Skip the pictures and give back the rest of the listing exactly.

§ **Data below**
══════════

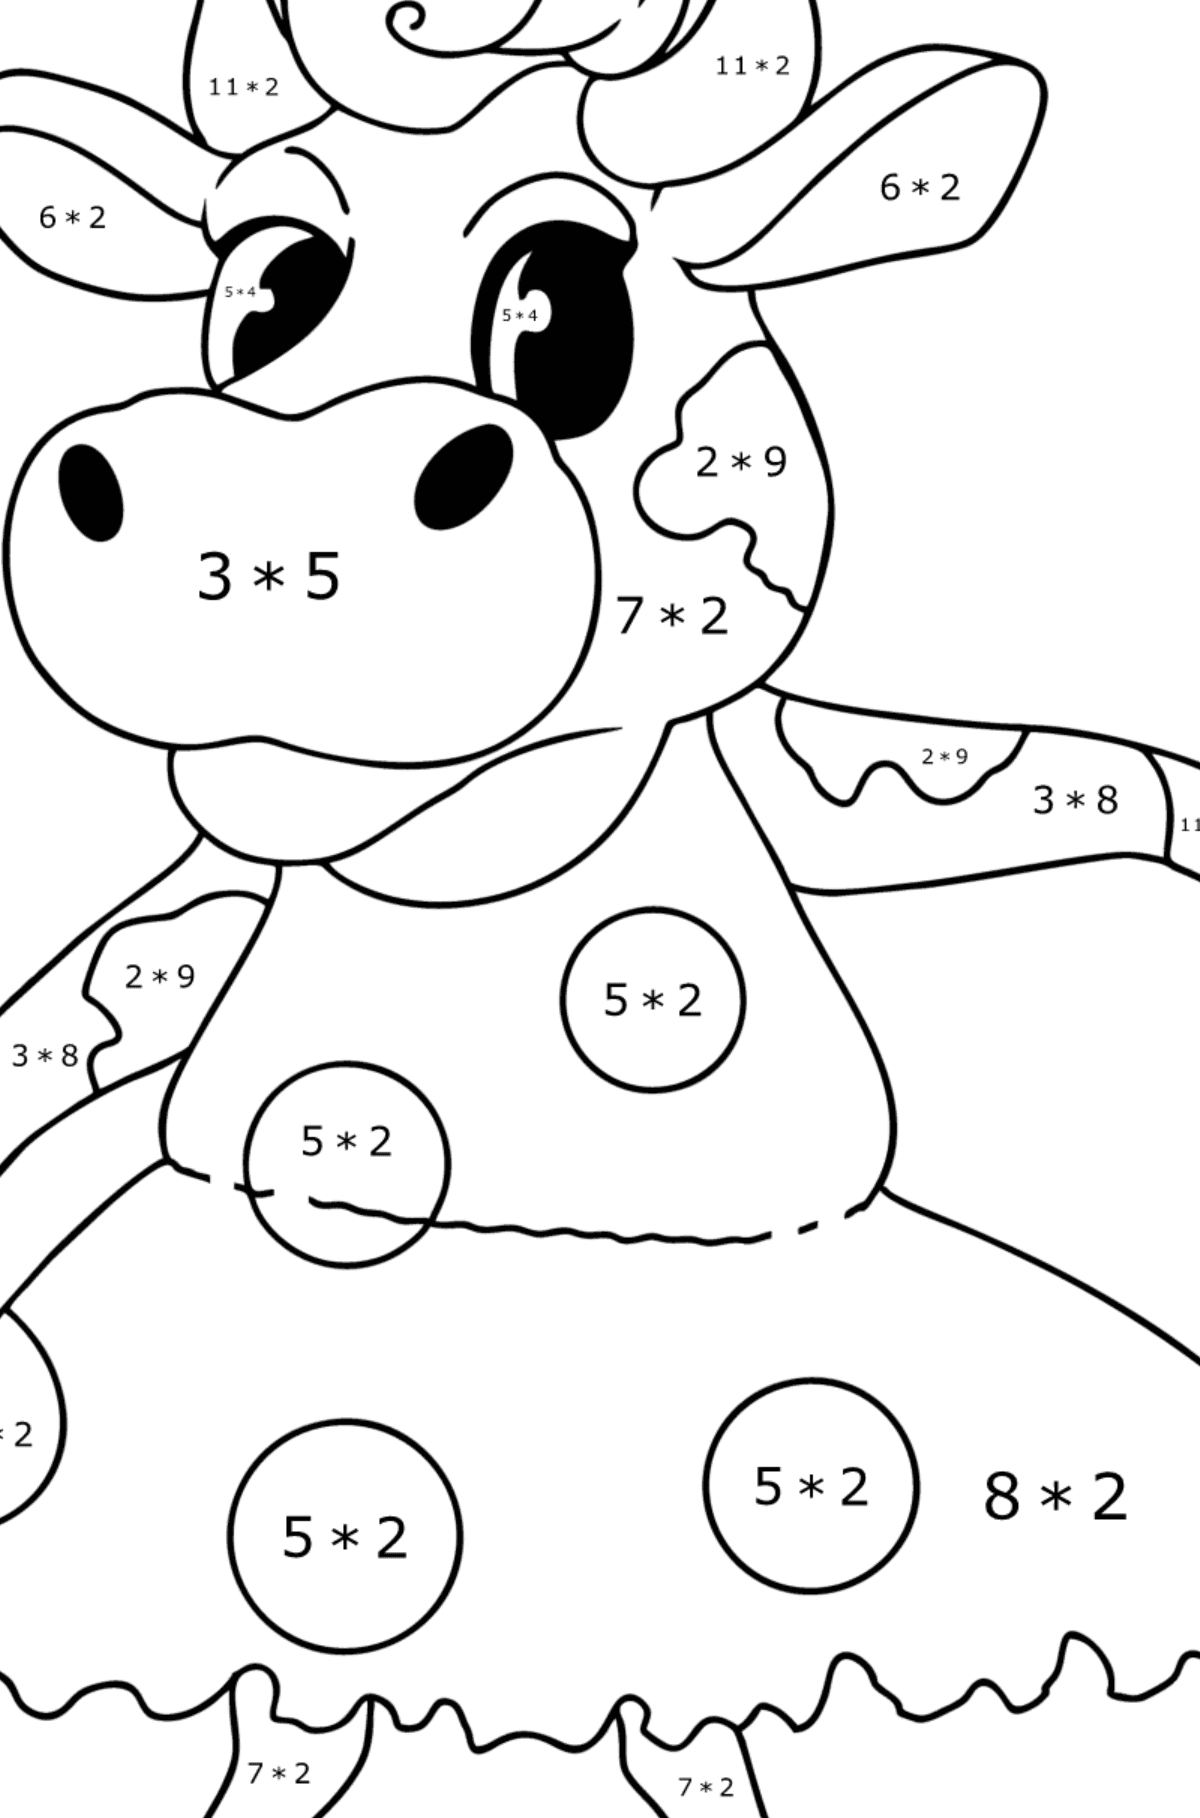 Kawaii cow standing up coloring page - Math Coloring - Multiplication for Kids
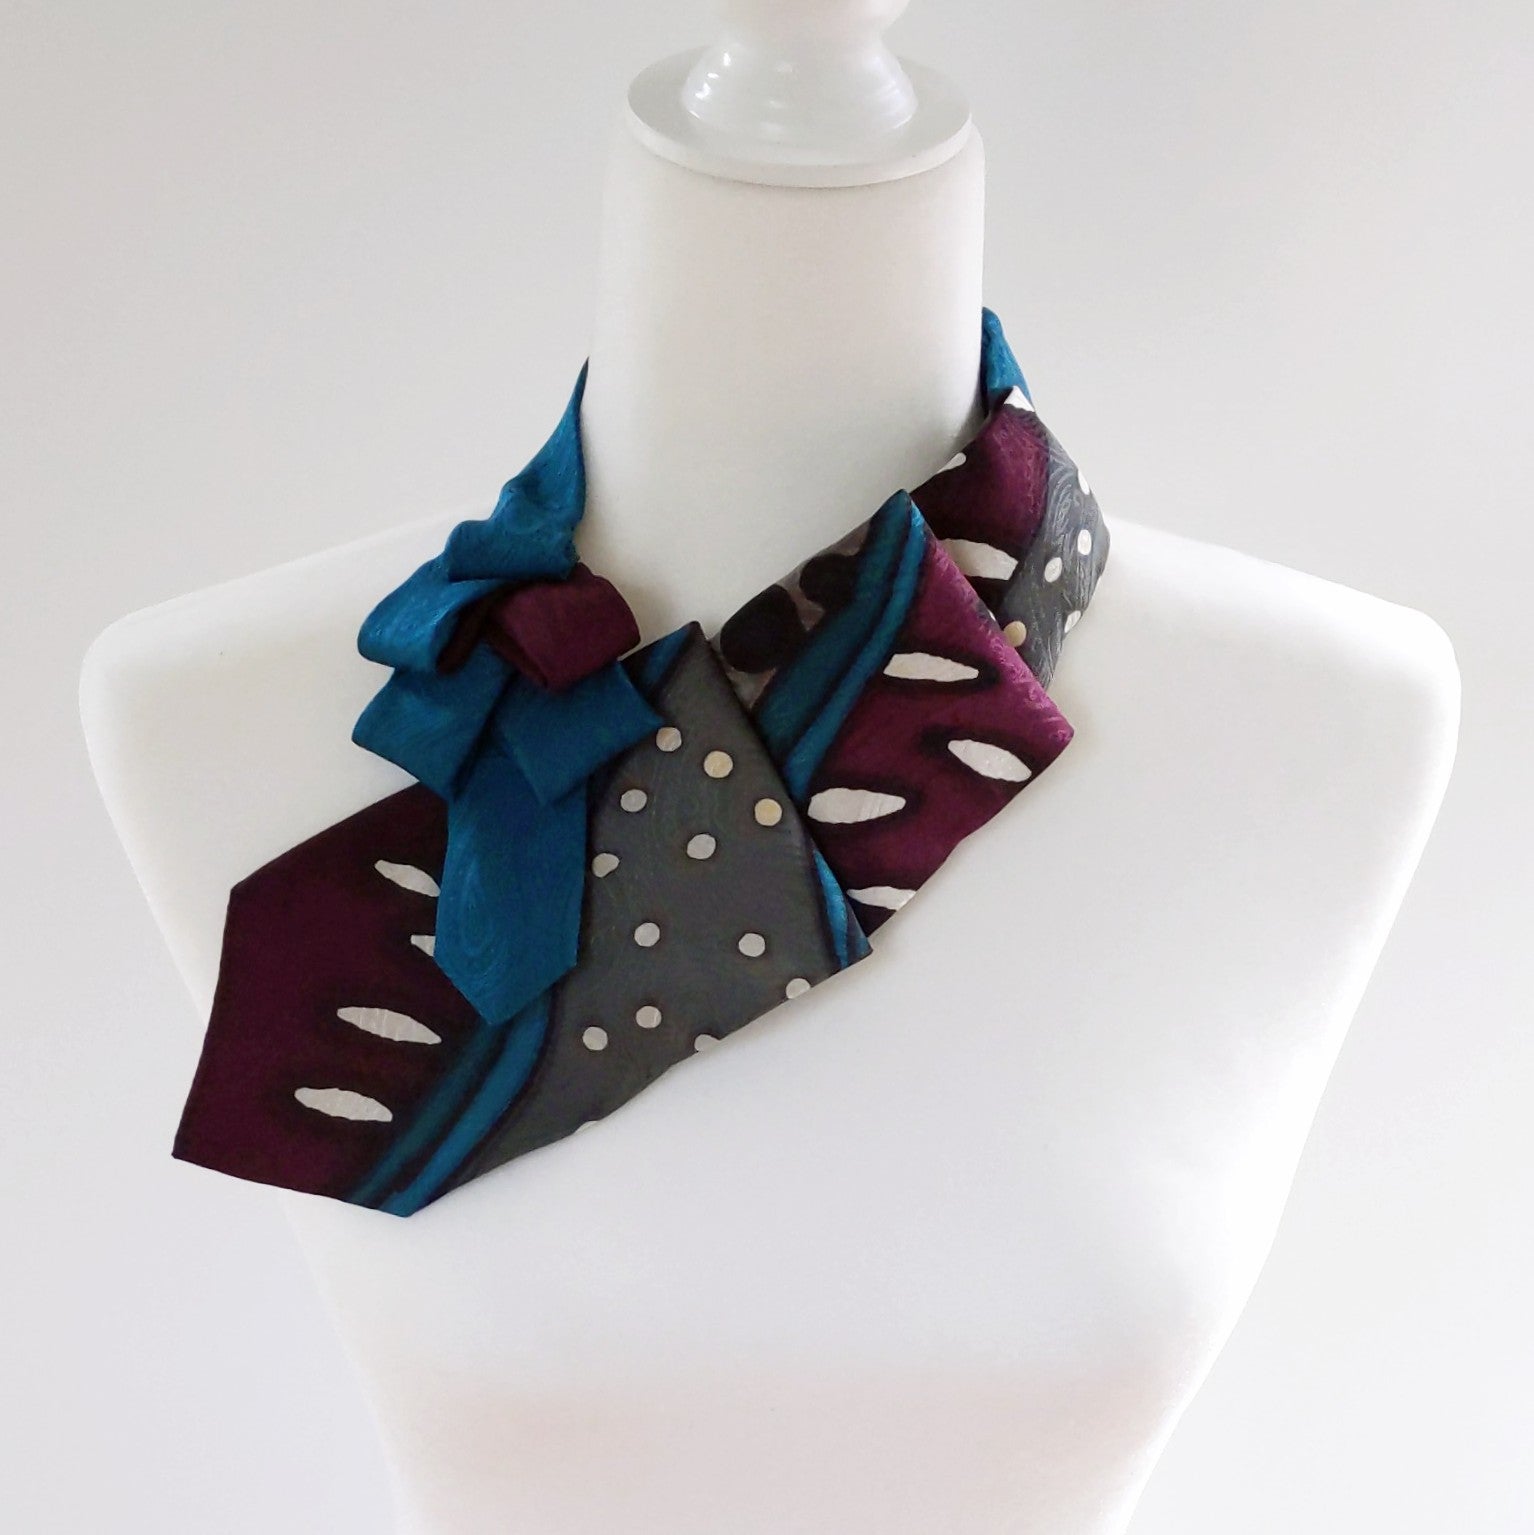 Ascot Scarf In Teal ,Grey And  Plum Abstract Print.
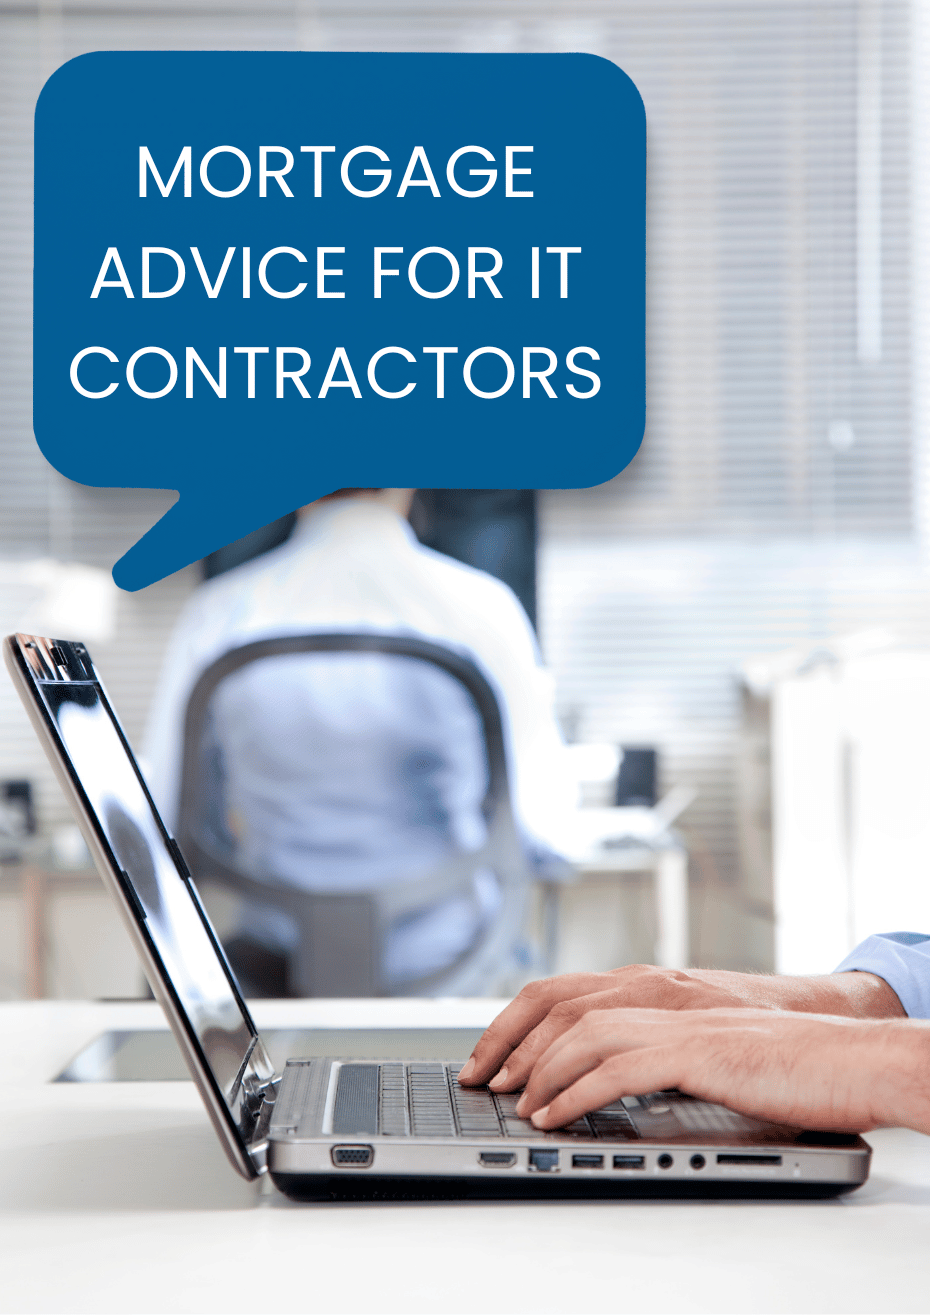 Mortgage Advice for IT Contractors
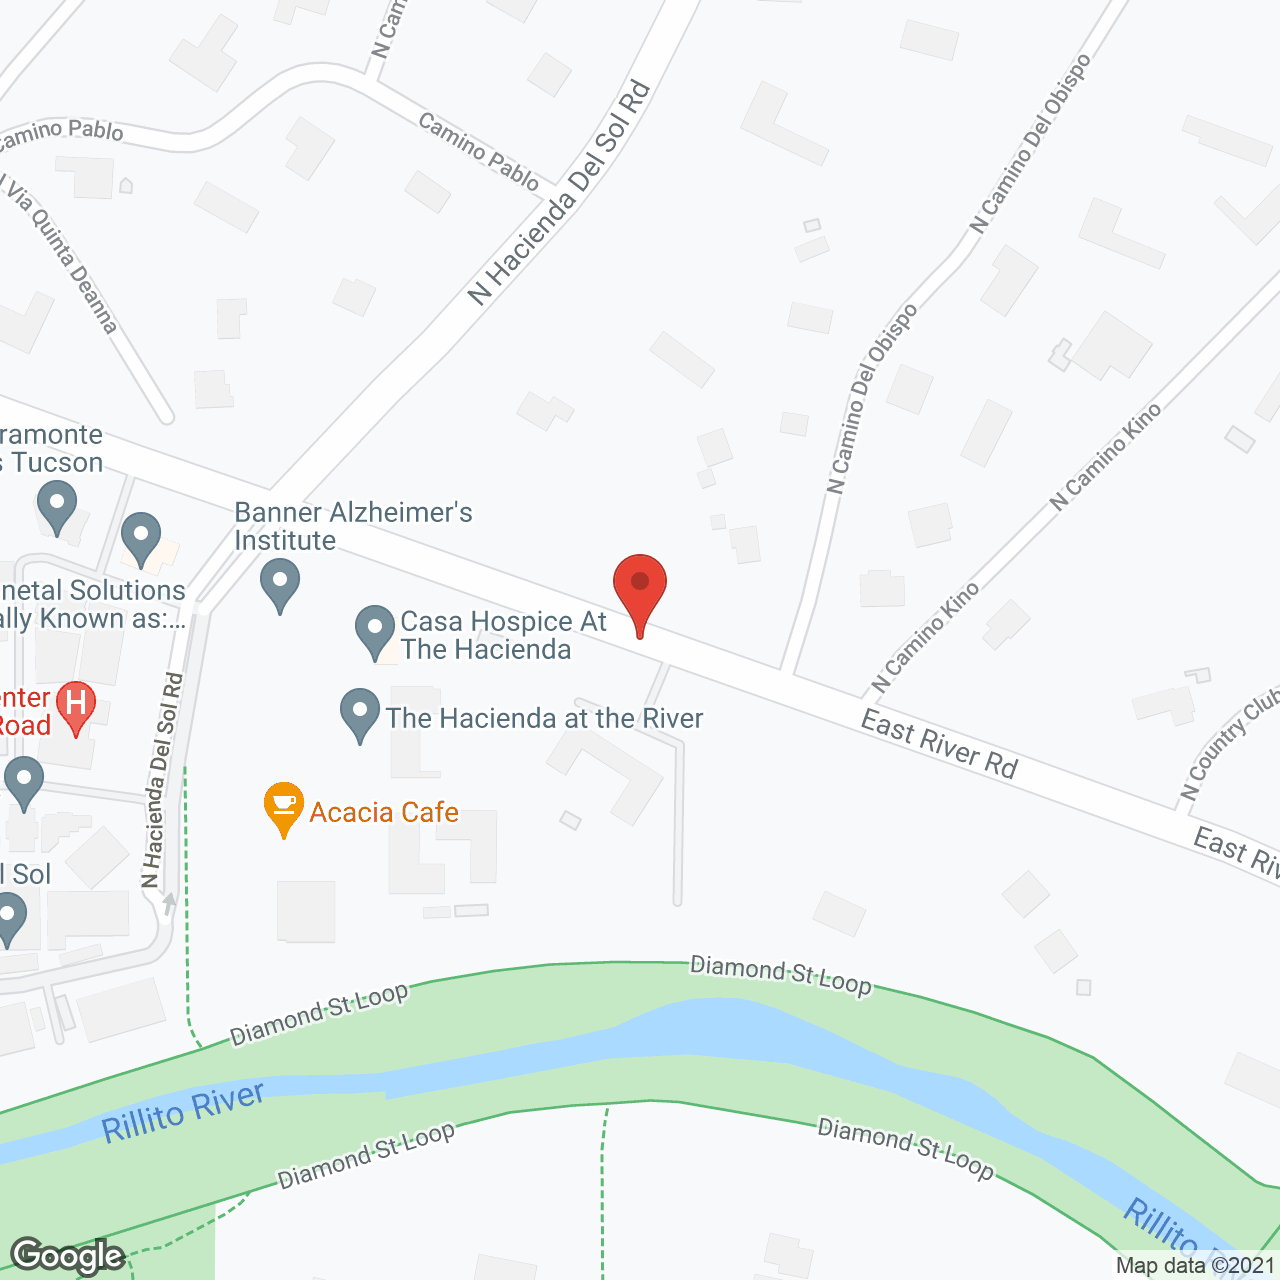 The Hacienda at the River in google map

══════════

§ **Solved exercise**
 Kawaii cow standing up coloring page - Math Coloring - Multiplication for Kids
 Ascot Scarf In Teal ,Grey And  Plum Abstract Print.
 Mortgage Advice for IT Contractors
 The Hacienda at the River in google map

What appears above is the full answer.